Minneapolis police officials say officers have recently responded to more medical calls than usual. Department spokesperson John Elder said he didn’t have exact numbers, but officers have noticed the trend.

“In speaking to officers that worked the overnight shift last night, they’re saying that medical calls were a thing of commonality,” Elder said. “Which normally we don’t get a lot of on the overnights.”

Minneapolis Police Chief Medaria Arrodondo said the department has instituted policies to protect officers from transmission of the virus.

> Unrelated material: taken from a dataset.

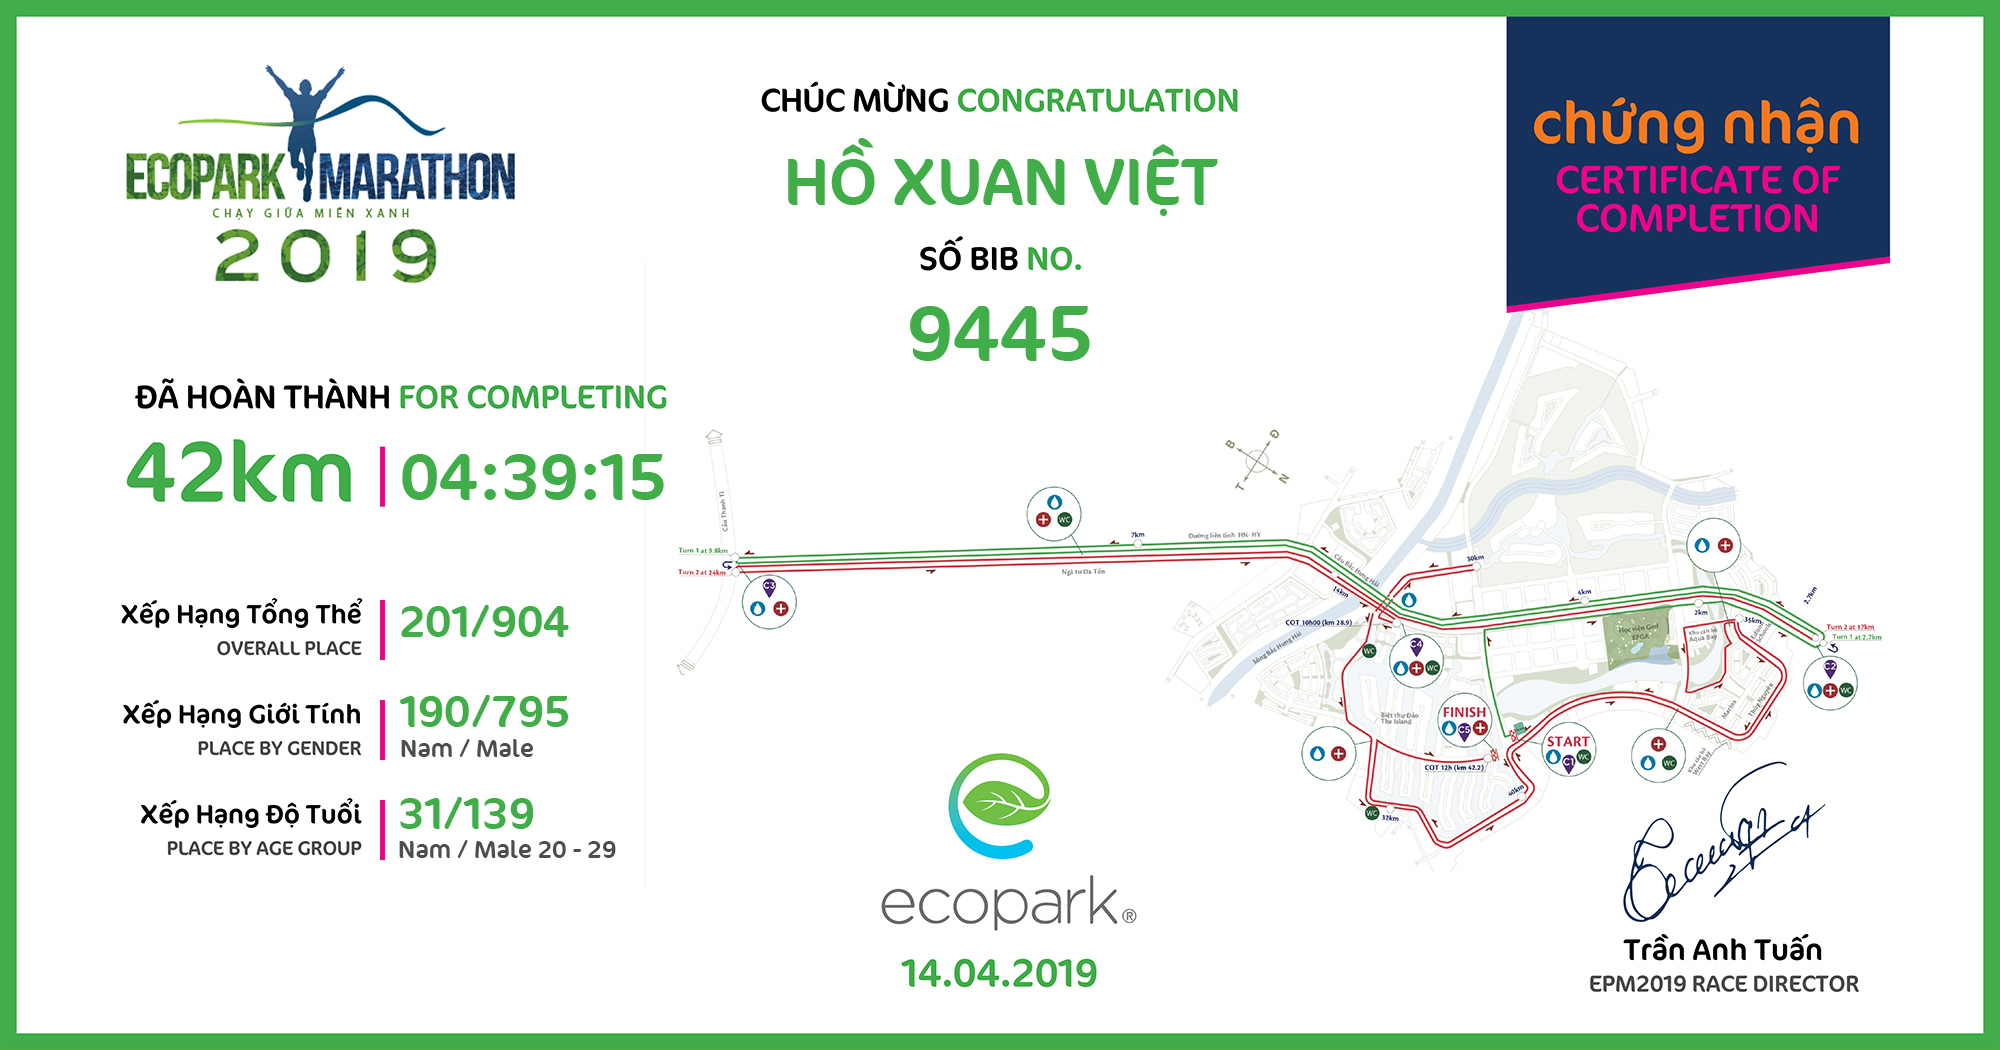 9445 - Hồ xuan Việt

That includes keeping workspaces clean and allowing some personnel to work remotely.

But ultimately, he said, police work involves face-to-face contact.

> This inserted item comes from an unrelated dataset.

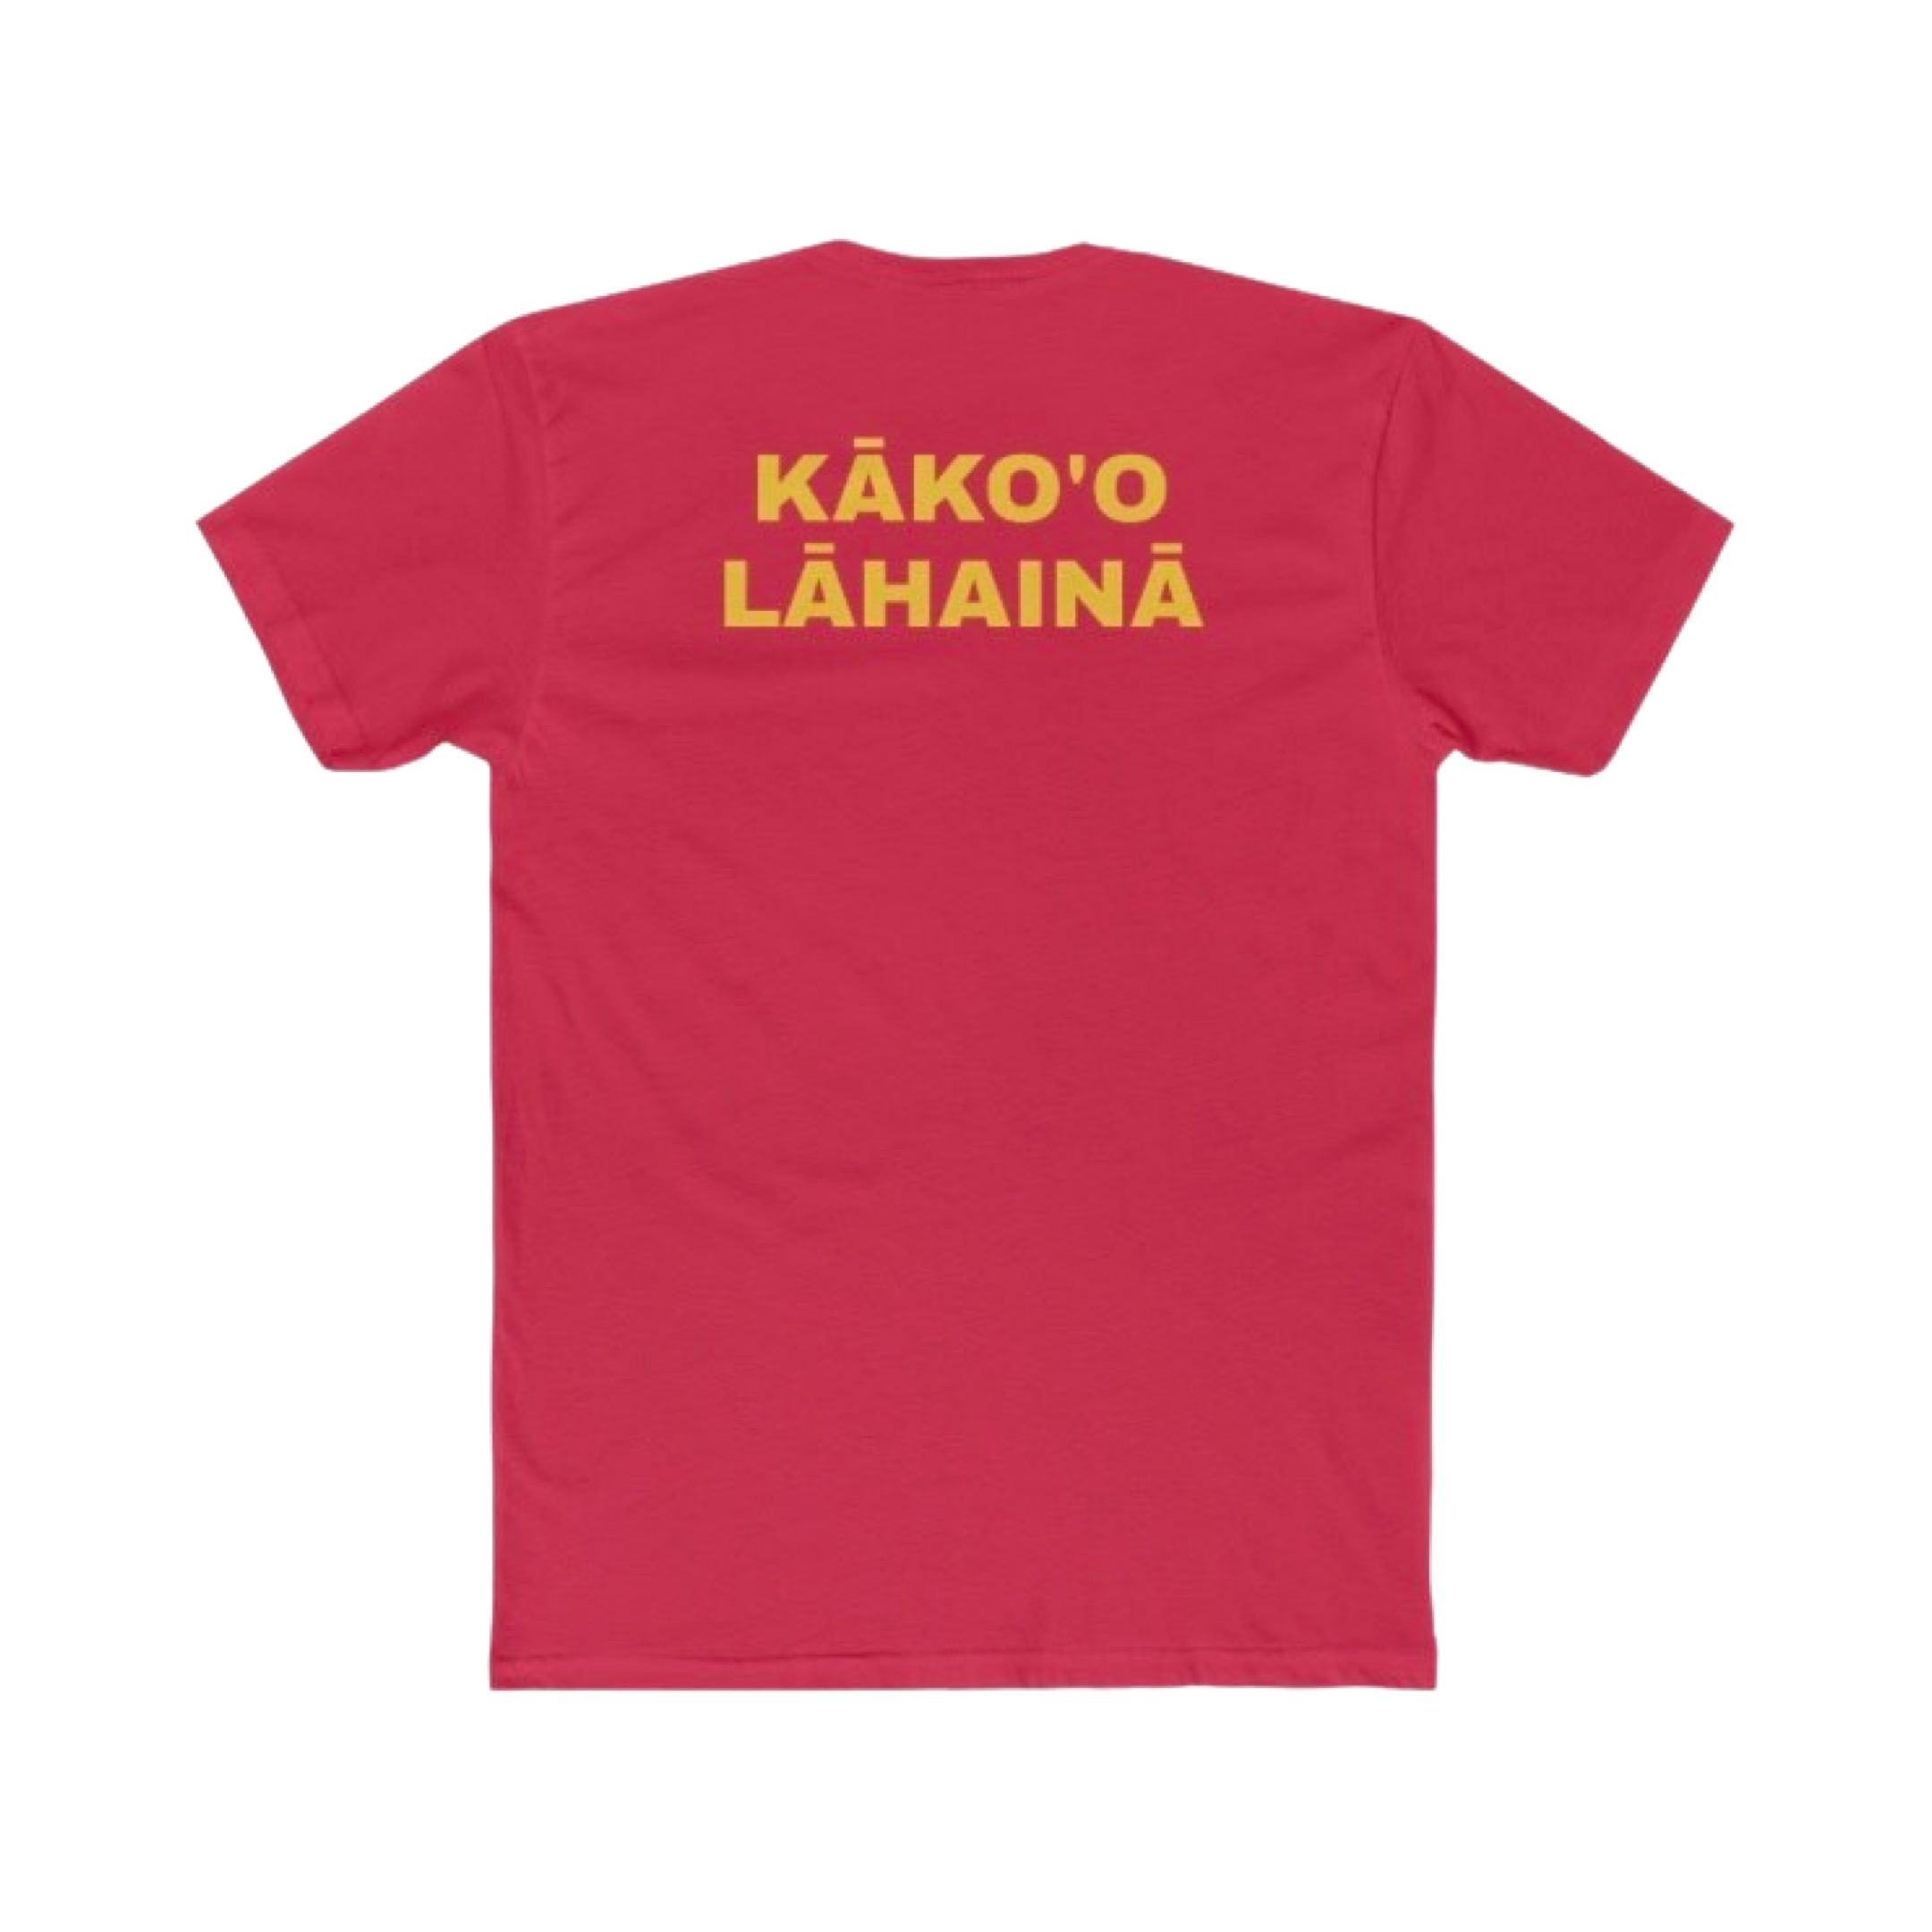 LĀHAINĀ STRONG - Lōkahi - Men's T-Shirt - Lāhainā Fundraiser

“You’re hearing the words, ‘social distancing’ — we are one of the few professions that works contrary to [that],” Arradondo said. “We engage with our communities. We certainly need to be there to help them. And we want to continue to do that.

“But we want to do so in a way that limits the exposure and risk to our men and women, first responders and as well as to keep our communities safe.”

Hennepin County Sheriff Dave Hutchinson said plans are in place to maintain staffing in case numbers of officers become infected with the coronavirus. He said police departments have agreements that will allow them to move officers between cities.

"If one agency gets sick, we're going to shuffle more resources,” he said. “The lakes area — they have an agreement. The northwest suburbs have an agreement. We're as prepared as we can be."